Is pairing intense? Yep. Is it worth it? Absolutely in my mind. The high quality of the code and the productivity is well worth it.


Do the screens display the same content, and do the input devices control the same cursor? I find this 2-desk pair programming a curious arrangement.


Exactly, one monitor is an iMac the other is a thunderbolt display. The display just mirrors the iMac. We each have our own keyboard and mouse which controls a single cursor. The monitors face opposite each other so we are sitting (almost) directly face to face so talking to each other is natural with minimal turning, which would occur if you sat next to each other.


Interesting. I have a feeling this would drive me insane in the long run. Is there a particular problem you're attacking with this arrangement? Did you try a different approach before that didn't work so well?


I'm glad you said that, but setups like yours are the exception not the rule. Last I was there, PL has the same. I'd mostly agree too it's a rewarding experience, but it needs to do done right. If you half ass the setup, it gets frustrating quickly.


Agreed. We started the project at Pivotal so that is where we got the setup, and I agree that it makes a huge difference.

It's a shame more companies don't implement pairing correctly. The extra grand (less if you don't go with an apple display) for the monitor is a small price for the results you get.


They're known for distilling culture and values on clients. It's apart of their high value-added proposition i think. e.g. - best practices.


Interesting? Do you always pair with the same person?

When was the last time you paired with someone other than the person you have been pairing with recently?


I think the conclusion he has is right. It's not appropriate to pair 100% of the time. Having said that if you look at the way Pivotal labs pair up, they have really strict rules about what's allowed on the 'floor' e.g. No laptops, no cellphones, no distractions. So while working alone can give you more privacy and space to become creative, unless you're really disciplined by yourself, pairing up can actually be beneficial in forcing you to become more productive.

I think the other thing the author fails to mention is that in terms of up-skilling developers, the process of pairing is quite useful. Often the pairing will naturally raise the level of the weaker programmer by virtue of being exposed to new ideas and solutions by the more experienced developer.


two coders at one keyboard...

Pair programming without dual keyboards and mice deserves castigation.


Is there any good way to have two keyboards, two mice, both act semi independently? That is, I want two mouse pointers, and if mouse A clicks on a window, I want keyboard A bound to that same window; same with mouse B and keyboard B (and of course they can also each click on and be bound to the same window as needed). Preferably a Linux solution, but something on Windows would be OK also.

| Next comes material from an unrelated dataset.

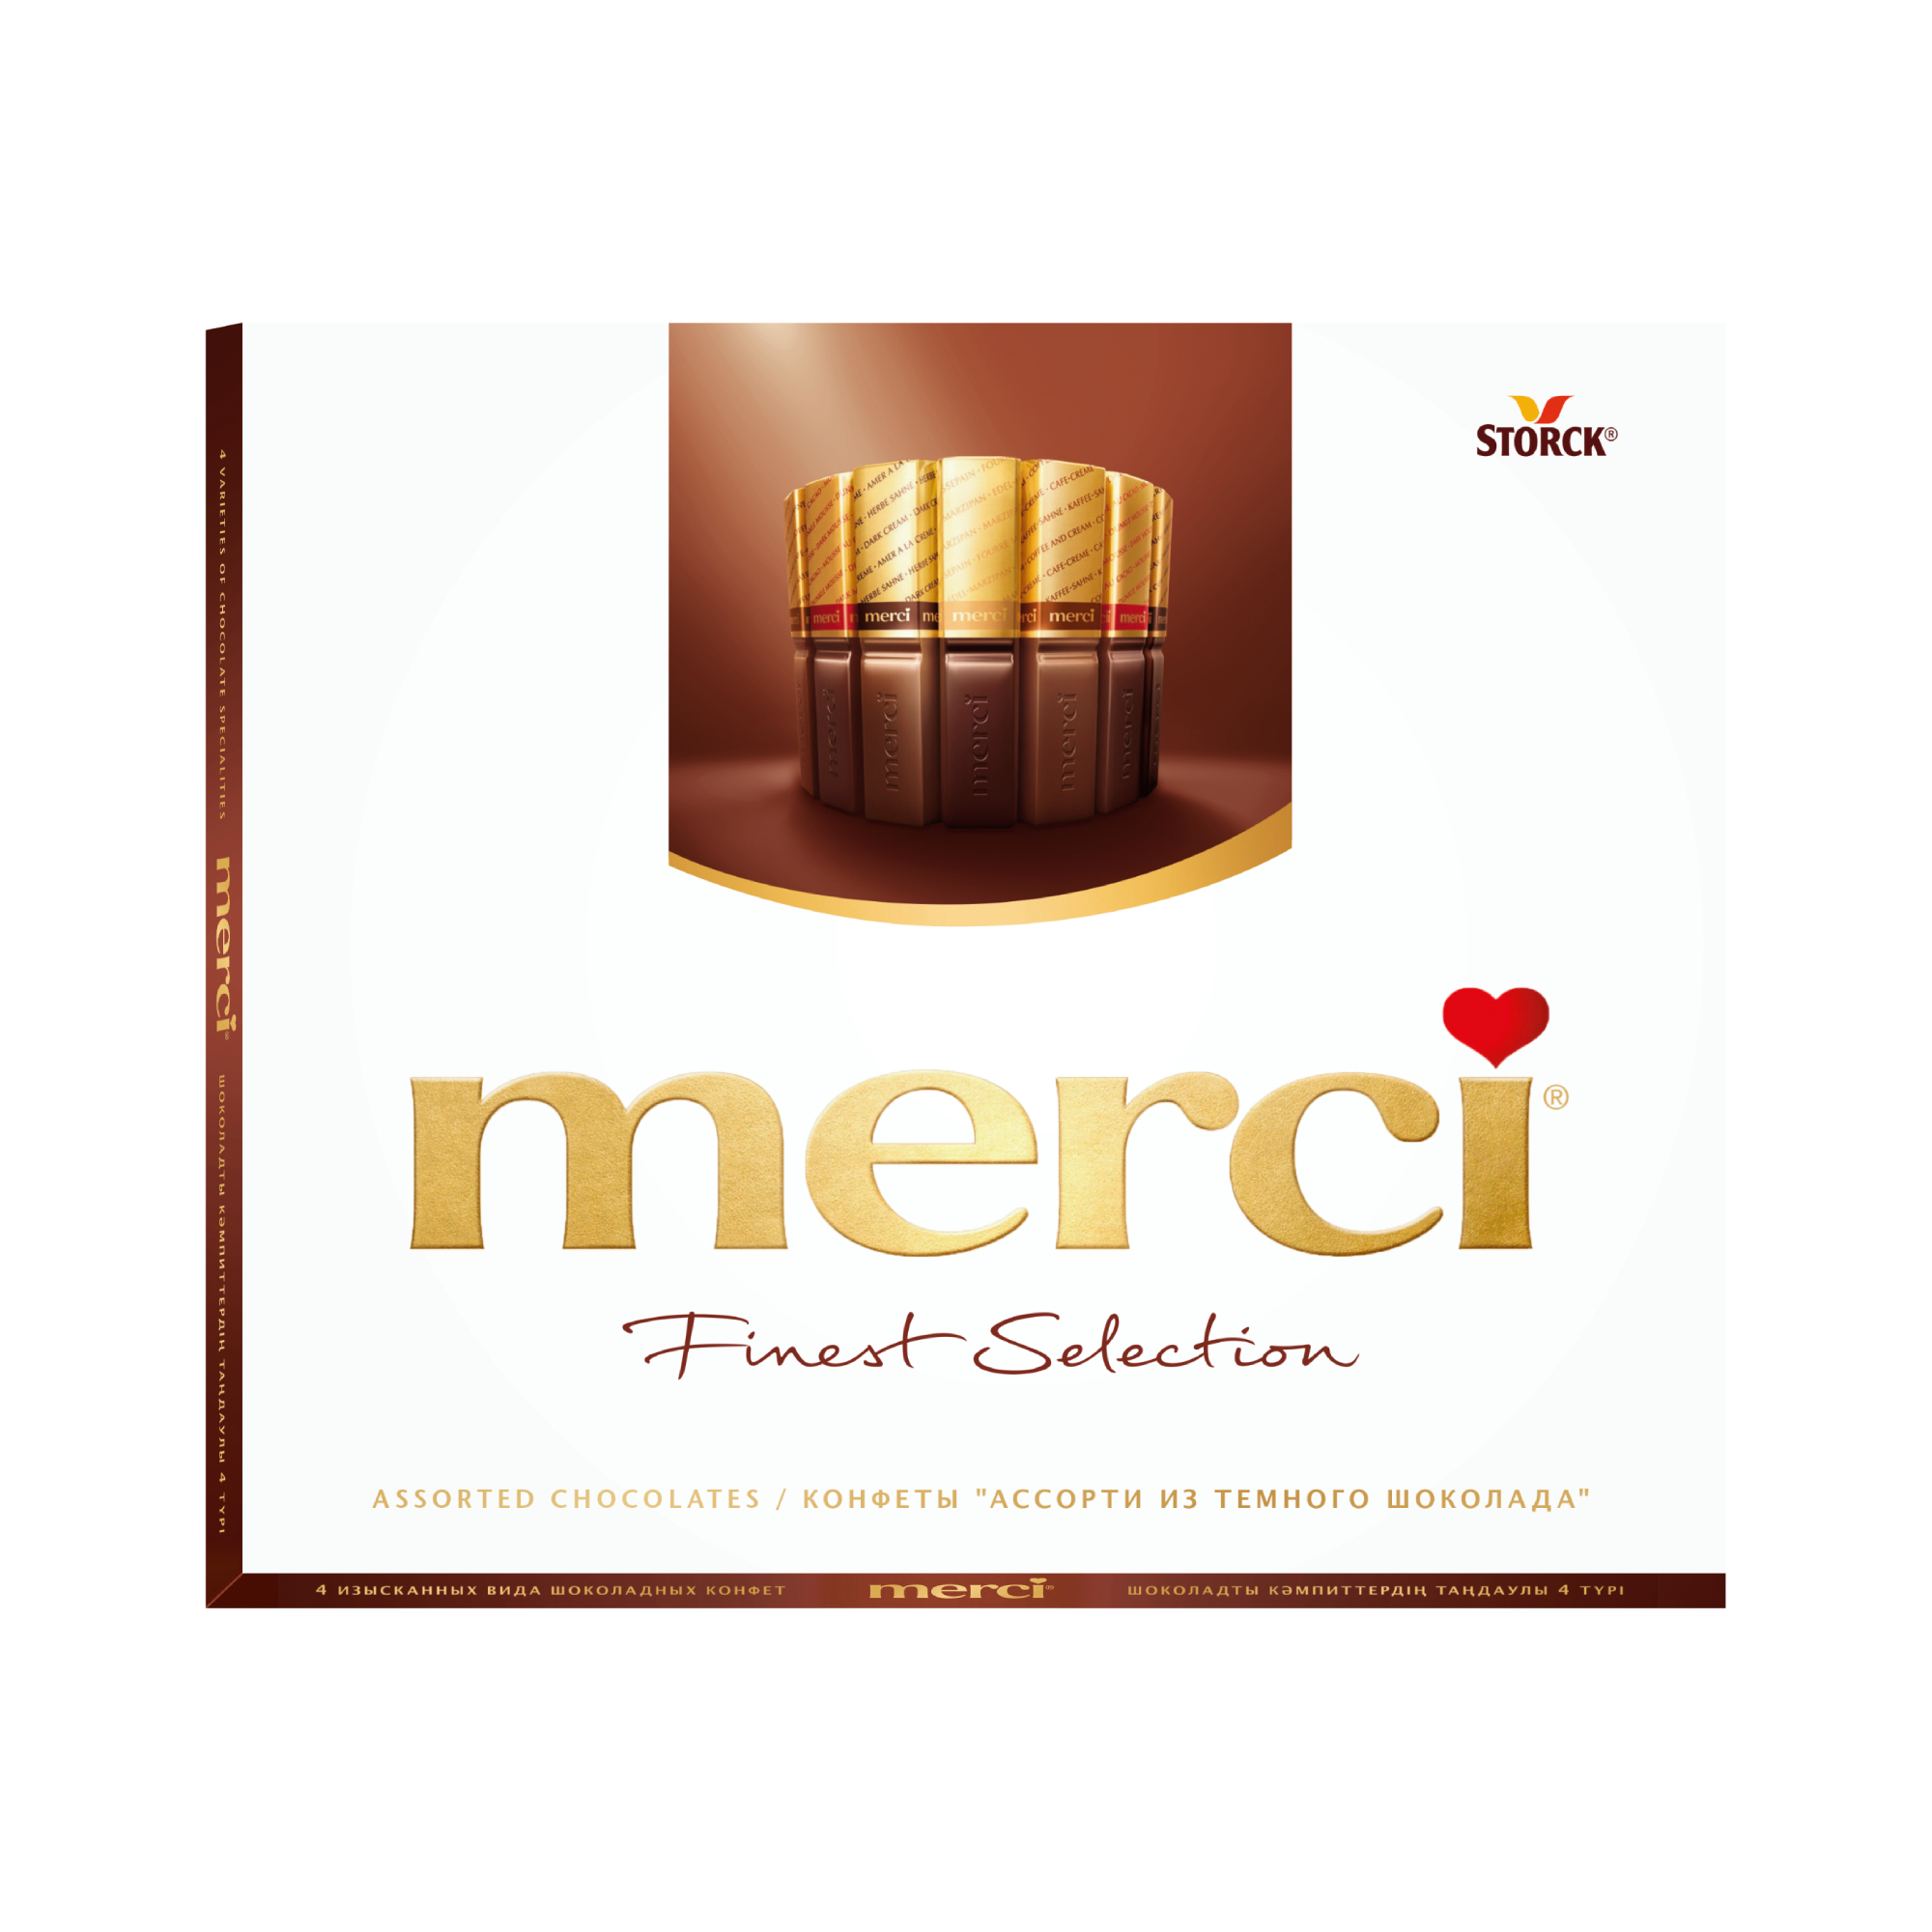 набор конфет merci ассорти с начинкой шоколадный мусс 210 г Шоколадный набор Storck Merci Ассорти 4 вида с начинкой из шоколадного мусса 210 г

What often happens, is someone would ask me to help them look at something, but they are multitasking multiple problems. Initially I can take over their keyboard & screen, but before long another call comes up and I have to transfer the problem / environment back to my desk, and get back to them (or end up owning the problem completely).

I think having the keyboard & pointer independence combined with an editor that lets you have multiple windows attached to the same edit buffer (like Emacs) would be wonderful.


You could try mirroring monitors.


But in that case, both monitors are still tied to the same workspace, and only one window can be active at a time. I'm looking for a way to have two active windows, each with its own keyboard attached.


This might be worth a read. Tom Dale wrote about his setup. There's a reference to how Pivotal Labs is setup too. I prefer the later if you can afford it.